To say logging is the cause of the problem, or a negative disturbance to the cycle anywhere I can think of in North America is absurd...it is a synthetic disturbance sure, and frankly the only remaining disturbance available.  Fragmented habitat due to development, fire suppression, and lack of successional habitat due to ending logging is the problem.  Different types of forests in different latitudes require different types of fire...some benefit from low frequent low intensity fires, some high intensity fires..others become deserts for 40-50 years after one.  Most of the single age timber forests we have, even in NJ, are becoming ecological deserts and you can thank misguided environmental groups like the sierra club for that.   They re-introduced radio collared lynx into the public areas of the Adirondacks with no logging and they died of starvation within months, since nothing below them on the food chain could survive in an single age mature forest.  Logging also creates a disturbance without damaging legacy bacteria and fungus that may not survive a high intensity fire, in fact as part of my healthy forest plan I cut and let certain trees lay that provide continued food for fungus and bacteria, insects,  for a total healthy ecosystem.   

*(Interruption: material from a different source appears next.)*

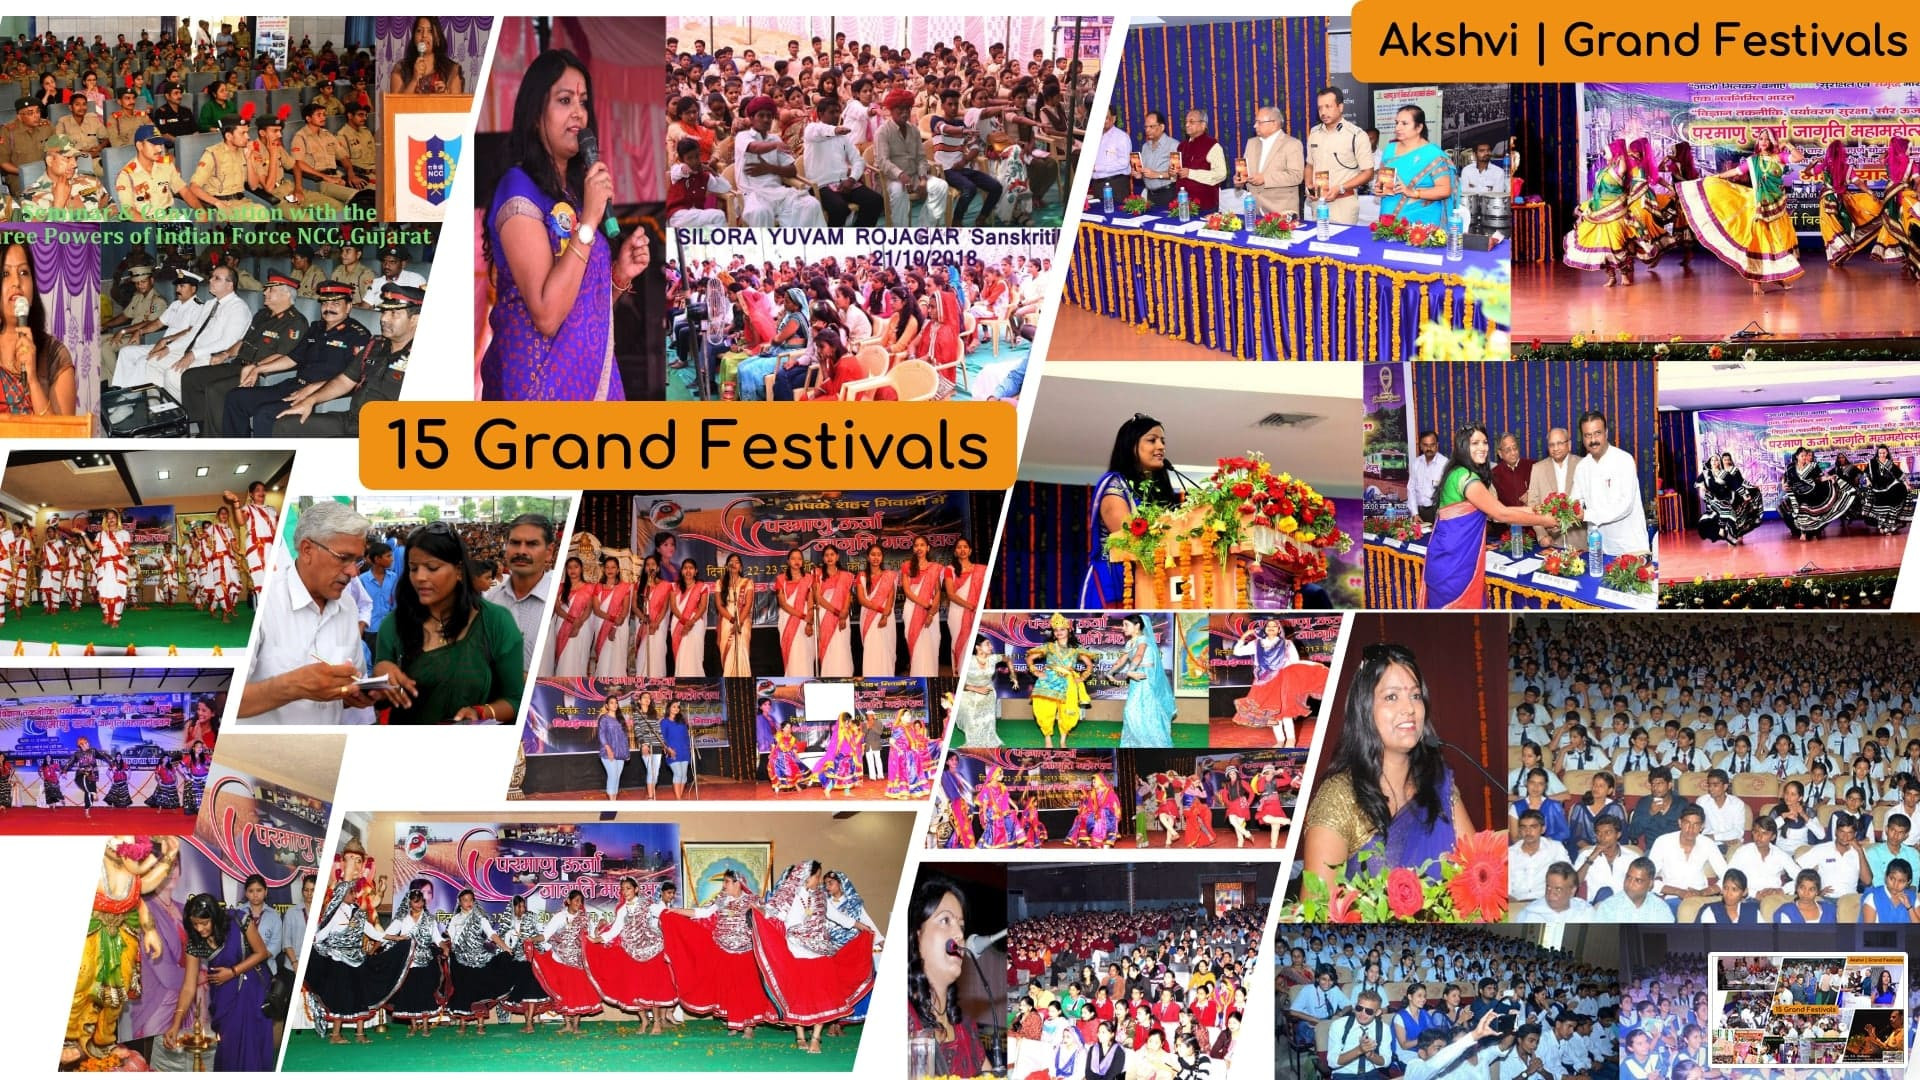 Grand Festivals - Bharat kee Parmanu Saheli

We have had some very large fires btw burn uncontrolled, 50,000 acre plus fires...including the one that started in Warren Grove from the air to ground range. Have you looked at that area over the next 10 years...it is the inverse of what you describe in density and specie balance. 

Not to mention young forests soak up carbon dioxide like a sponge....logging is the best thing you can do for global warming in the NH...in the SH and equatorial rainforests it is essentially the opposite.  Sadly 3rd world nations are logging and clearing for cattle in the most damaging places, and in the NH green groups are stopping logging where it needs to happen.